Messrs. M.M. Mann and Featherstone McGhee, for respondent, cite: Where sum is stated to be liquidated damage the Courts will sustain it as such if there is any showing that it was an attempt to liquidate the damage: 67 S.C. 462; 8 R.C.L., 559; Par. 110; Id., 565, 568, 569; 9 S.C. 344; 94 S.C. 184; 19 S.C. 425; 81 S.C. 10. Contract as written must control: 53 S.C. 35; 69 S.C. 90; 69 S.C. 100; 102 S.C. 139; 80 S.C. 38; 105 S.C. 520; 108 S.C. 411. No fraud or misrepresentations alleged and no testimony admissible to explain plain terms of the contract: 103 S.C. 495; 101 S.C. 221. No separate oral agreement can be proven: 108 S.C. 47. Plaintiff had accepted contract and defendant had no right to countermand: 115 S.C. 426. Directed verdict proper: 86 S.C. 170.
September 28, 1921. The opinion of the Court was delivered by
The defendant signed a written contract of purchase of a ginning outfit from the plaintiff. The contract provided:
"In case of countermand, it is understood that the purchaser is to reimburse the Murray Company for any and all expenses incurred in this sale, and to pay to Murray Company 20 per cent. of the purchase price of this contract."
His Honor, the trial Judge, charged the jury that the 20 per cent. was liquidated damages, and not a penalty, and directed the jury to find the full 20 per cent. sued for.
I. The first exception questions this ruling. The first exception must be sustained. The contract required the defendant to pay "for any and all expenses incurred in this sale." This provision covered all of plaintiff's actual damages. The "20 per cent." was additional, and can be a penalty, and nothing else. The first exception covers the measure of damages also, but, as neither party argues this subdivision, it is not considered.

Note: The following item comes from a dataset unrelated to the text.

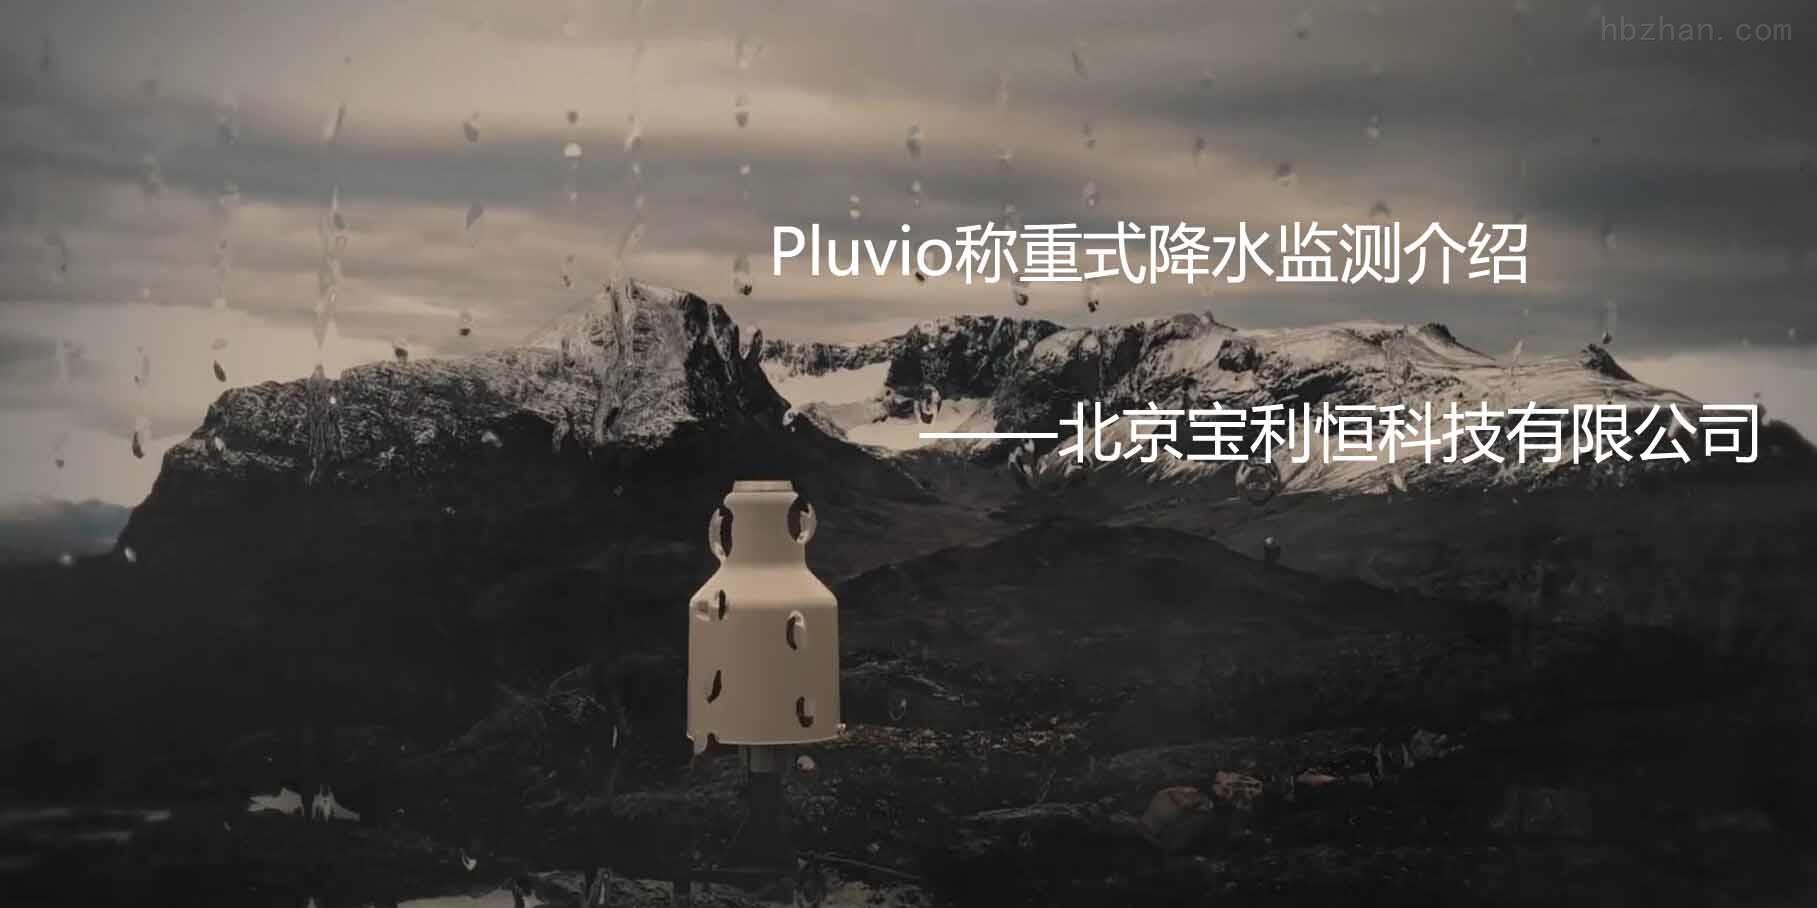 Pluvio称重式降水监测

II. The defendant set up a breach of a contemporaneous parol agreement, by which plaintiff agreed to sell the ginning outfit which the defendant then owned. The presiding Judge refused to allow any evidence of the parol contract. In this his Honor was right. The written contract contains all of the agreement between the parties.
III. The third allegation of error arises from the exclusion of a letter written by the salesman some time after the execution of the contract. There was no error here. No authority in the agent was shown to warrant his modification of the contract, or make a new contract. This exception is overruled.
IV. The last exception complains of error in the construction of certain letters written by the defendant to the plaintiff as a countermand of the order. The defendant wrote:
"Yours of the 5th at hand and duly noted, am very sorry that I cannot install new machinery. But as I explained to you on the 2nd of this month, unless you dispose of my old outfit, it will be impossible for me to install a new one."
"I want the `Murray' plant but I cannot meet your terms. If I could it would be a pleasure for me to install it."
"If you have bought engine and boiler for me, I will take same, if we can get together on terms, and I will try to install balance next year."
"If you ship the entire outfit July 15th you do so at your own expense."
This language must be construed to be a countermand. The defendant does not even now offer to comply.
The judgment is reversed and a new trial ordered.